Vulnerability detection based on code analysis is trending and is classified into three main approaches: static, hybrid, and dynamic vulnerability detection²⁵. Static analysis scrutinizes source code without execution, whereas dynamic analysis examines it through execution. The hybrid analysis combines the two. Many tools and techniques, such as code comparison, symbolic execution, and inference techniques, have been developed for static analysis. However, these techniques do not cover all existing vulnerabilities and are ill-equipped to analyze emerging security threats. Dynamic analysis techniques, including fuzzing and taint analysis, require substantial computational time and resources^{26,27,28,29,30,31}. Furthermore, the performance and reliability of these methods are insufficient to meet current security challenges.

The surge in software vulnerability has driven researchers to devise better detection strategies. Software security researchers have begun leveraging machine learning's predictive power to address these security challenges. Machine learning techniques, whether supervised, unsupervised, or semi-supervised, are increasingly used for vulnerability detection. Among various machine learning approaches, supervised machine learning is widely adopted for software vulnerability detection. Figure 1 illustrates the supervised machine learning approaches for vulnerability assessment.

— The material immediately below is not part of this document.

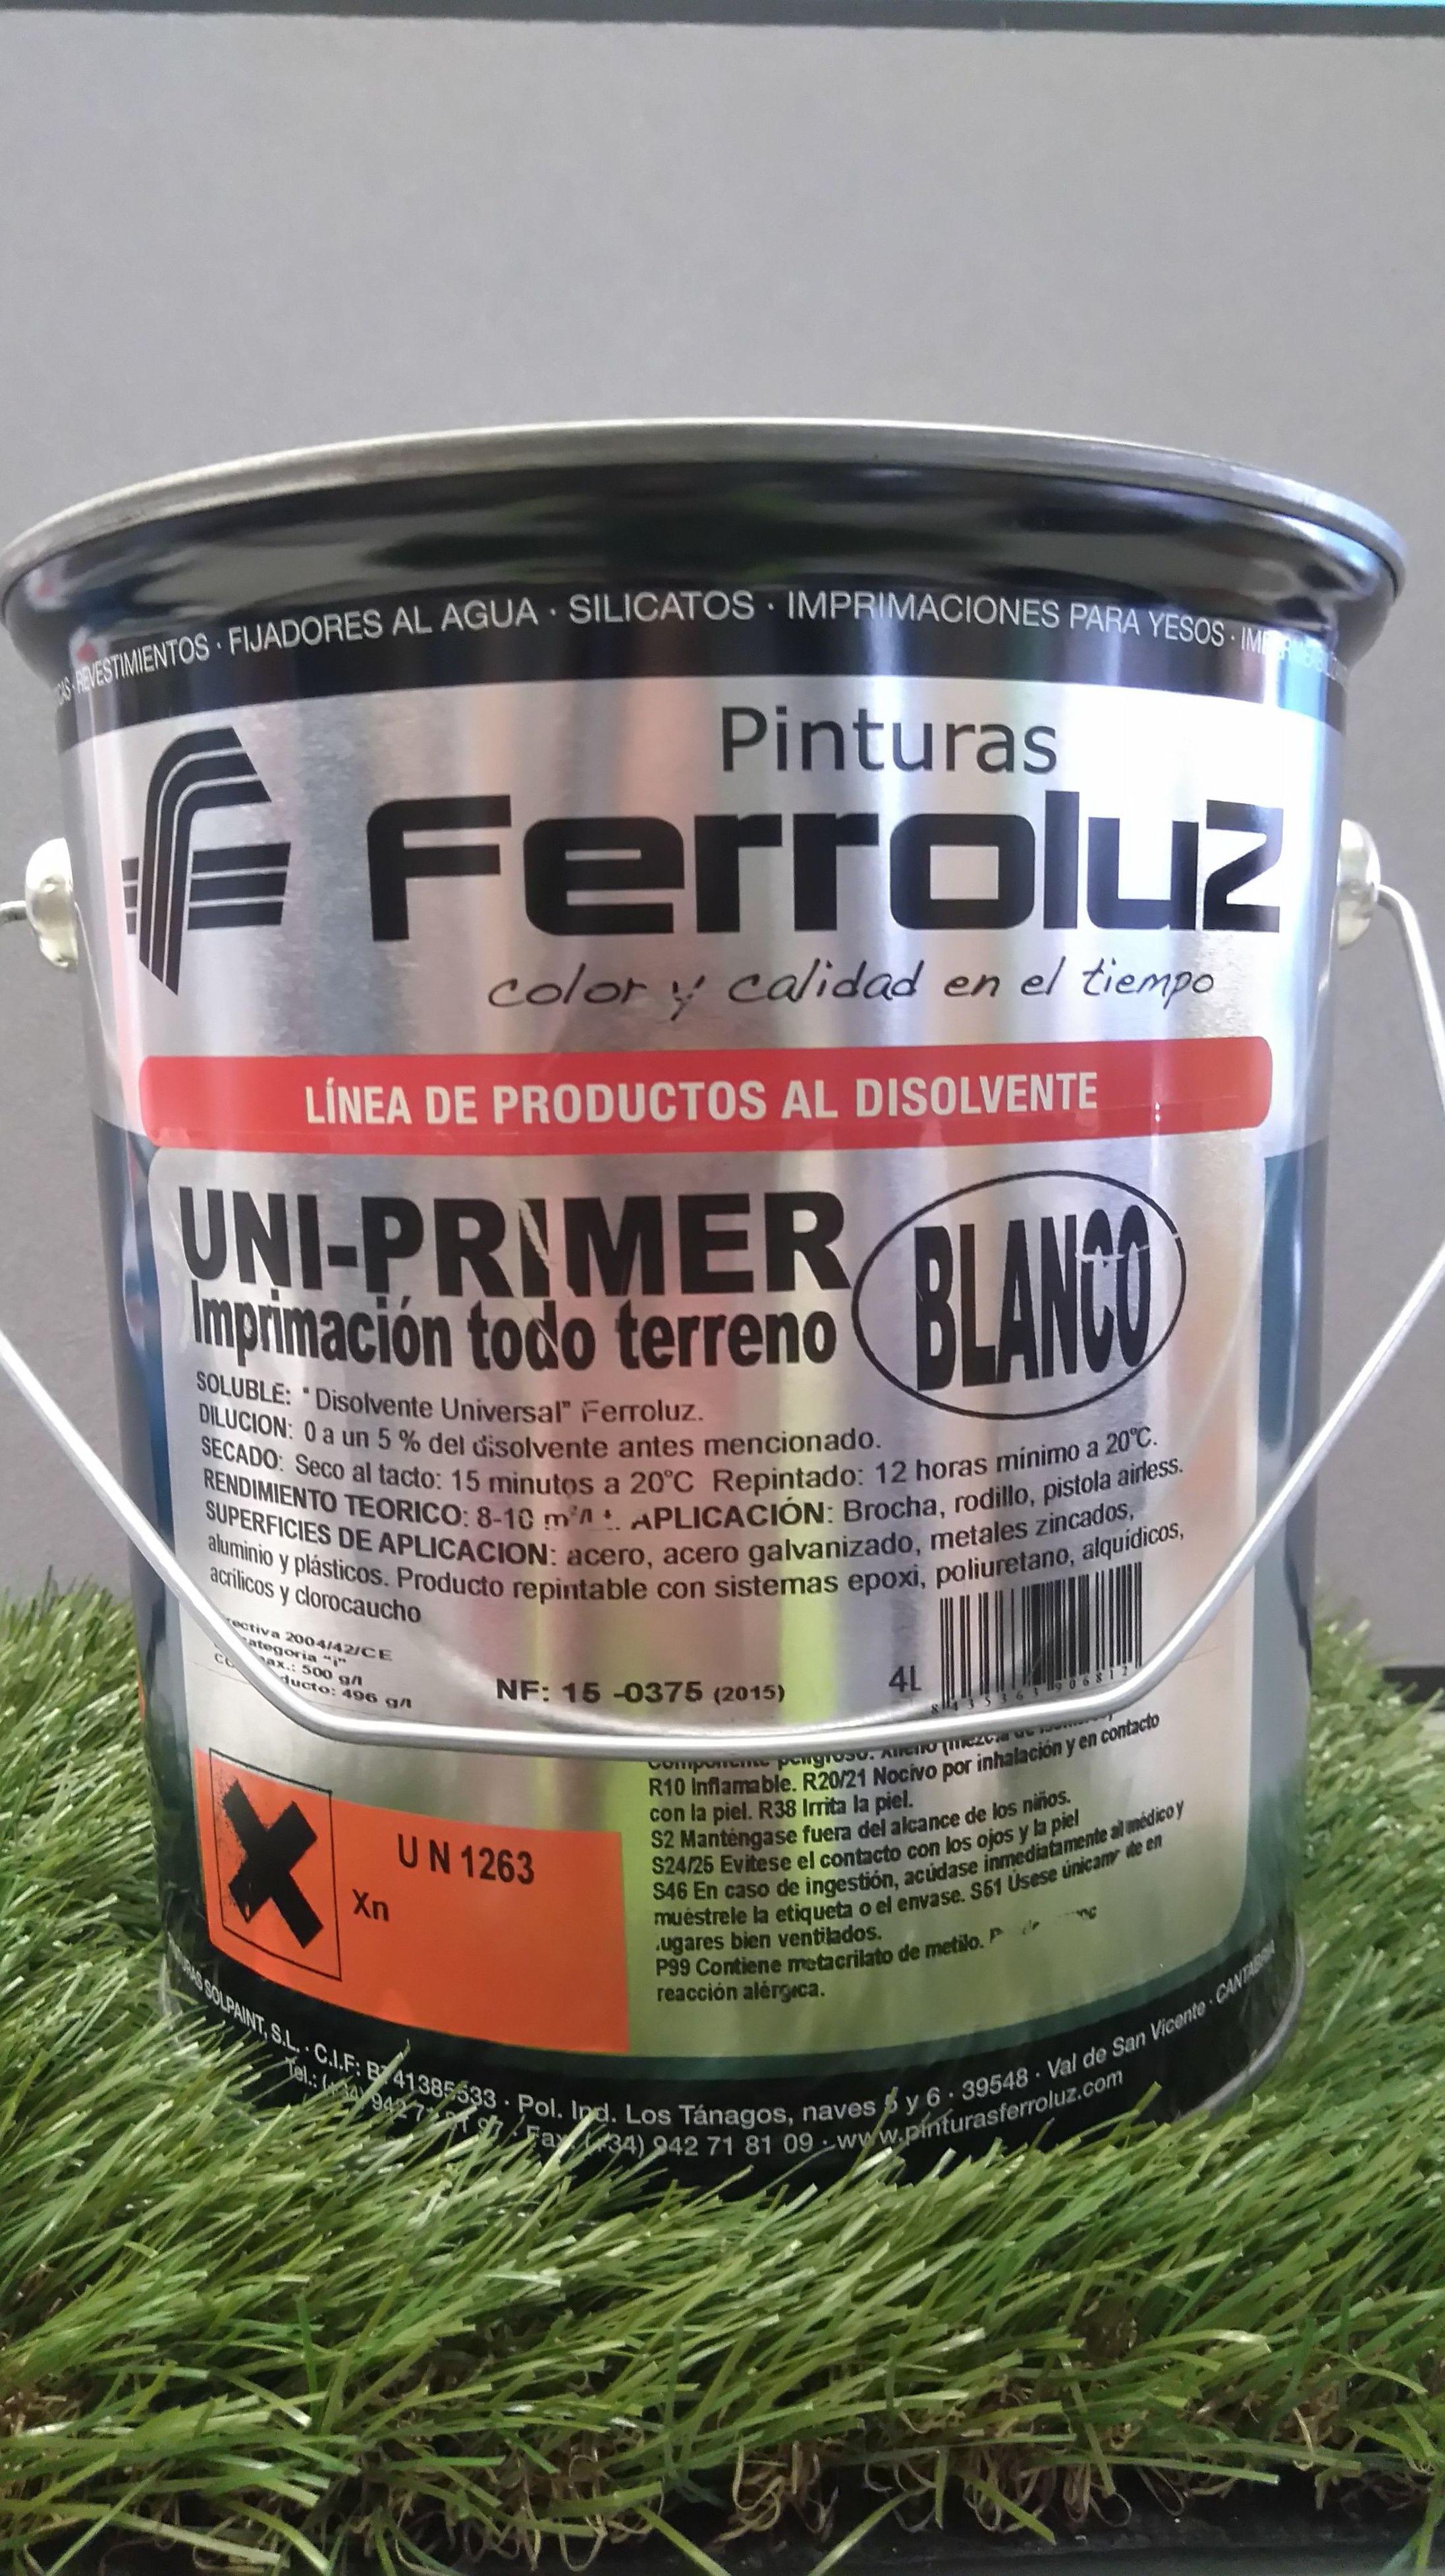 Imprimació mulitús FERROLUZ al disolvent UNIPRIMER: Pinturas y Complementos de Sa&Vi
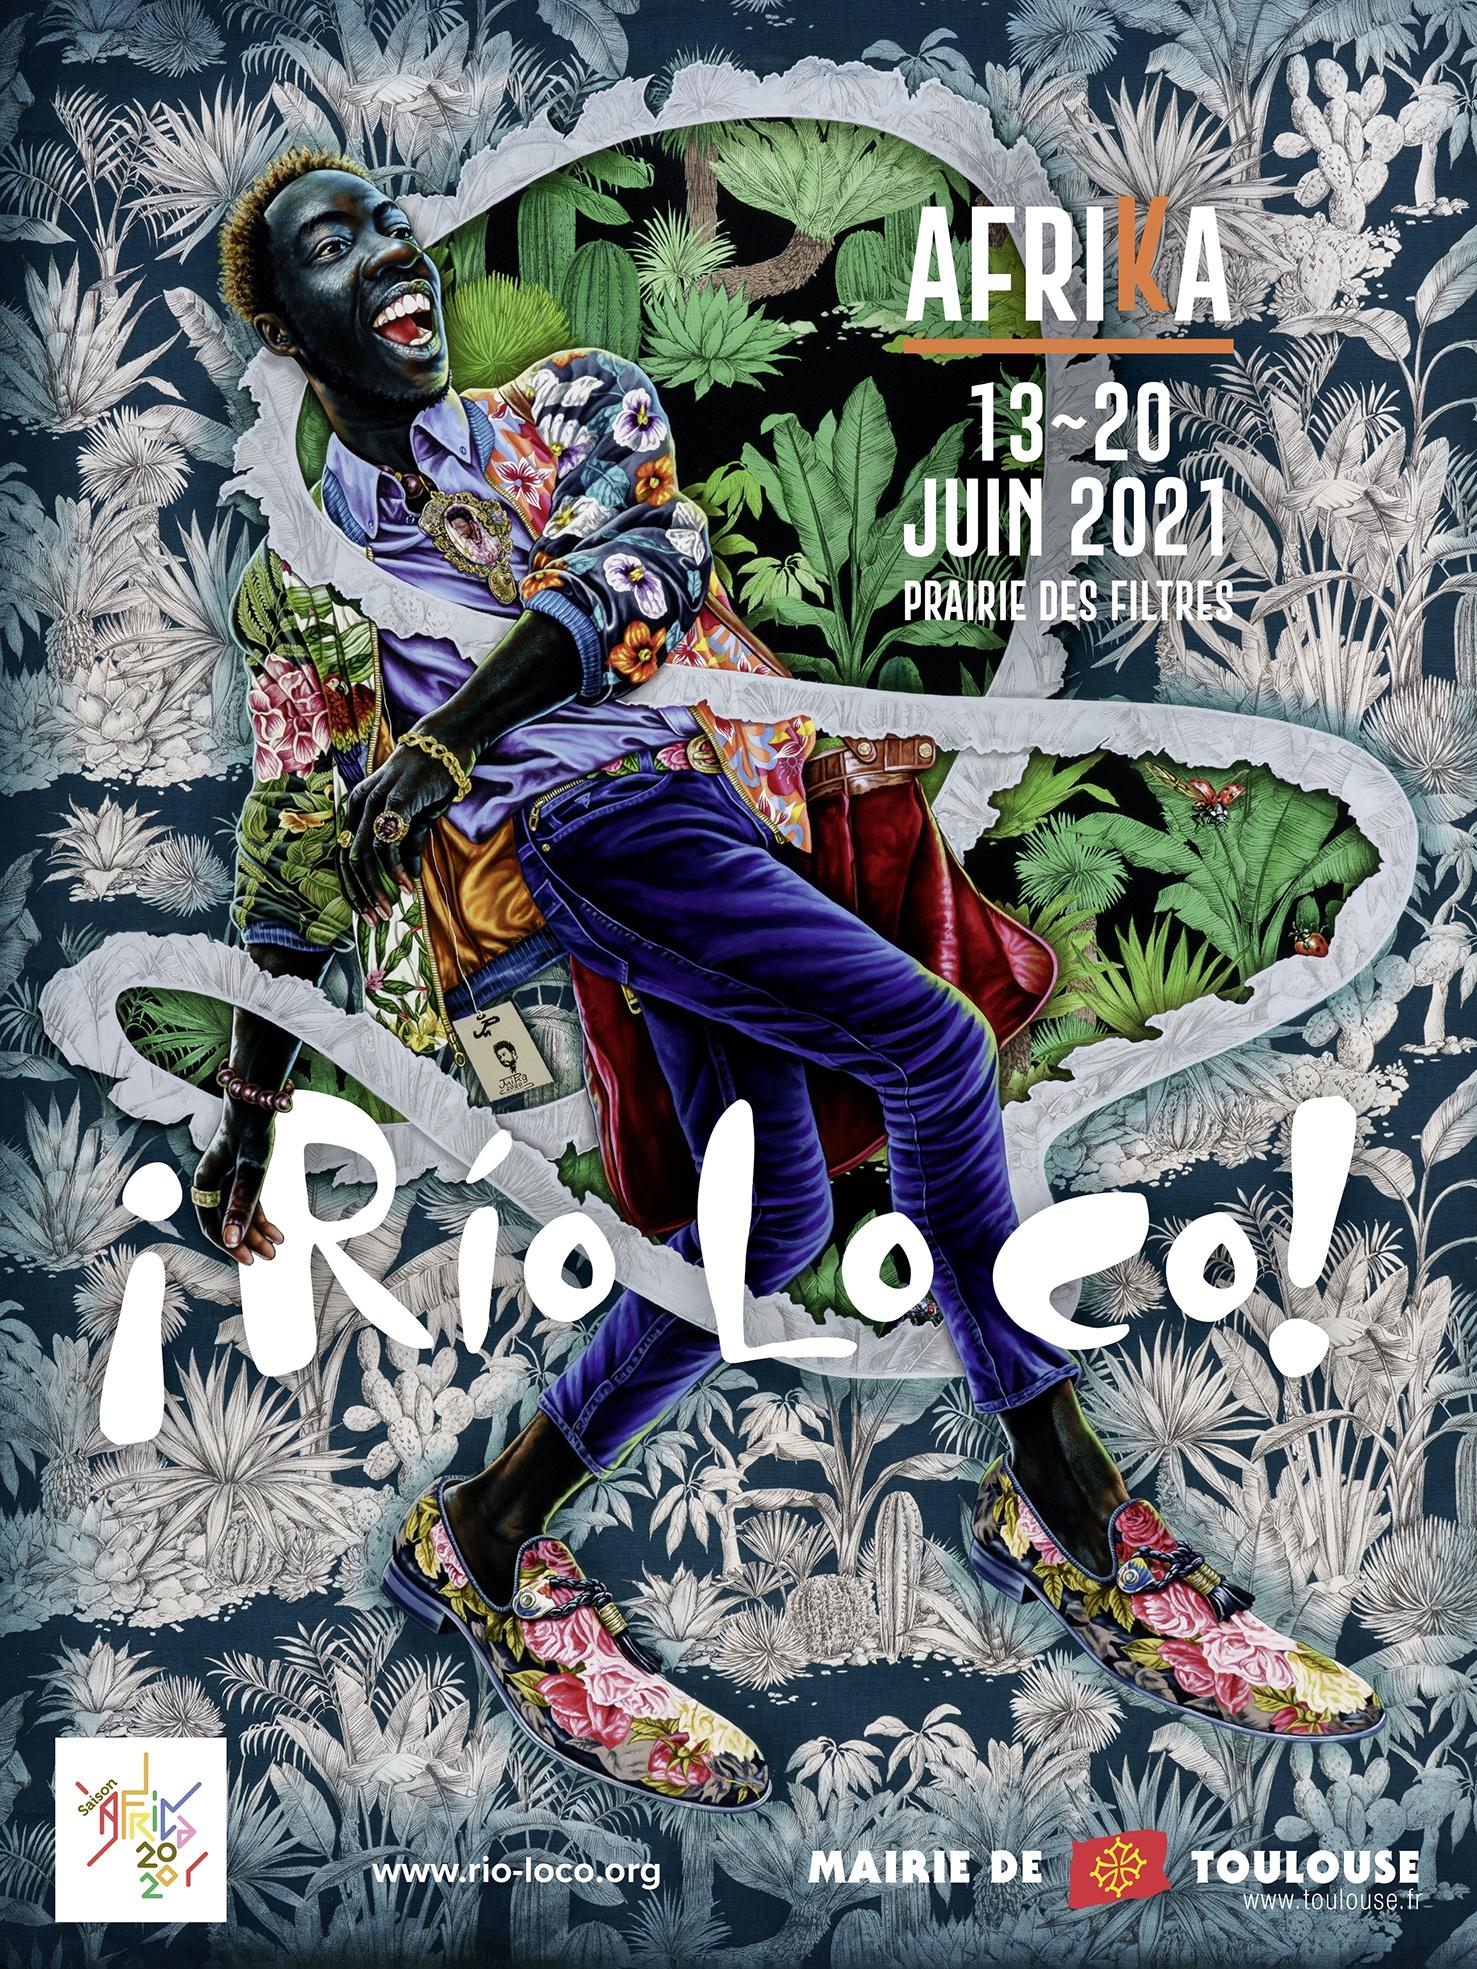 Rio Loco Afrika Toulouse 2021

Code representation learning

The code must follow a specific format to implement machine learning techniques, categorized into three primary representation methods:

Sequence-based In this approach, data is divided into chunks, such as characters, tokens, or APIs, utilizing techniques like bag-of-words, n-gram, word2vec, etc. These techniques involve data preprocessing, tokenization, and the adoption of neural networks. However, they may lack long-term contextual code abstraction.

Tree-based This method employs a neural network structure on abstract syntax tree (AST)-based data representation. The tree is subdivided into small statements containing code snippets. Challenges include code fragment complexity and gradient vanishing.

Graph-based This approach represents code in a graph structure, primarily using a code property graph (CPG) composed of an abstract syntax tree (AST), control flow graph (CFG), context flow graph (XFG), and program dependency graph (PDG) for intermediate code representation³². While graph-based techniques can address long-term dependency issues, they require intensive computation.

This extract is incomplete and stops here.